[PATCH] flow: Set EPOLLFD_ID_DEFAULT on newly allocated flows, not EPOLLFD_ID_INVALID
We're somehow hitting:
ASSERTION FAILED in flow_epollfd (flow.c:362): f->epollid < ((1 << 8) - 1)
on an inbound spliced connection, with a single forwarded port, an
HTTP server in a Podman container, and a GET request. Reproducer at
https://bodhi.fedoraproject.org/updates/FEDORA-2025-93b4eb64c3#comment-44734...
printf 'FROM registry.fedoraproject.org/fedora:latest\nRUN /usr/bin/dnf install -y httpd\nEXPOSE 80\nCMD ["-D", "FOREGROUND"]\nENTRYPOINT ["/usr/sbin/httpd"]\n' > Containerfile
podman build -t fedora-httpd $(pwd)
podman run -d -p 8080:80 localhost/fedora-httpd
curl http://localhost:8080
I guess we don't set EPOLLFD_ID_DEFAULT early enough on inbound spliced
sockets for some reason and we get a socket event while we still have
EPOLLFD_ID_INVALID set.
As we're not really using epoll identifiers yet, set
EPOLLFD_ID_DEFAULT right away on newly allocated flows, while we
figure this out.
Link: https://bodhi.fedoraproject.org/updates/FEDORA-2025-93b4eb64c3#comment-44734...
Signed-off-by: Stefano Brivio
On Mon, 8 Dec 2025 22:28:22 +0100
Stefano Brivio
We're somehow hitting:
ASSERTION FAILED in flow_epollfd (flow.c:362): f->epollid < ((1 << 8) - 1)

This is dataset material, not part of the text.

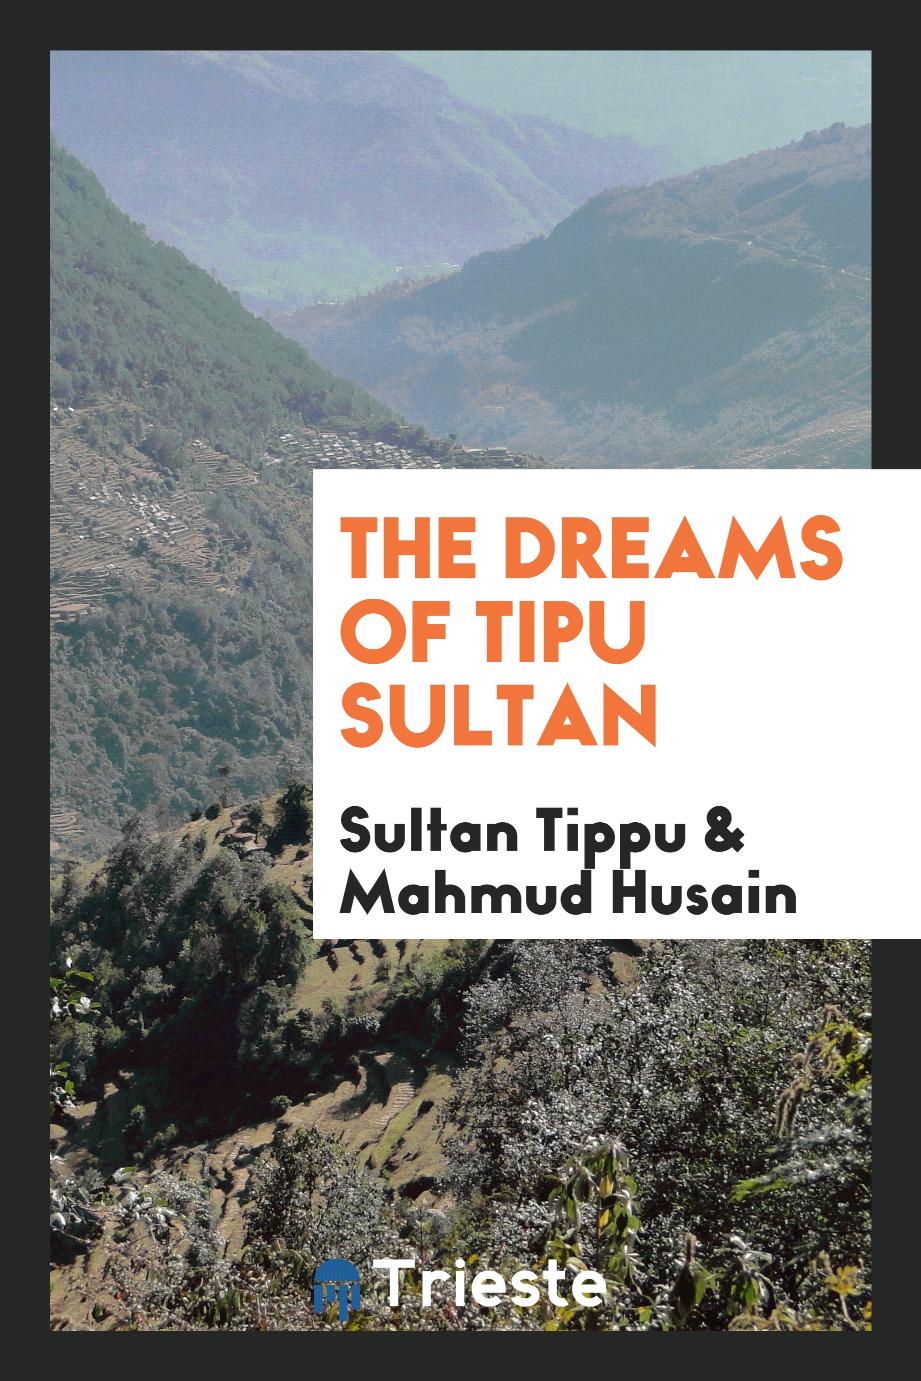 The dreams of Tipu Sultan

on an inbound spliced connection, with a single forwarded port, an HTTP server in a Podman container, and a GET request. Reproducer at https://bodhi.fedoraproject.org/updates/FEDORA-2025-93b4eb64c3#comment-44734...
printf 'FROM registry.fedoraproject.org/fedora:latest\nRUN /usr/bin/dnf install -y httpd\nEXPOSE 80\nCMD ["-D", "FOREGROUND"]\nENTRYPOINT ["/usr/sbin/httpd"]\n' > Containerfile podman build -t fedora-httpd $(pwd) podman run -d -p 8080:80 localhost/fedora-httpd
I guess we don't set EPOLLFD_ID_DEFAULT early enough on inbound spliced sockets for some reason and we get a socket event while we still have EPOLLFD_ID_INVALID set.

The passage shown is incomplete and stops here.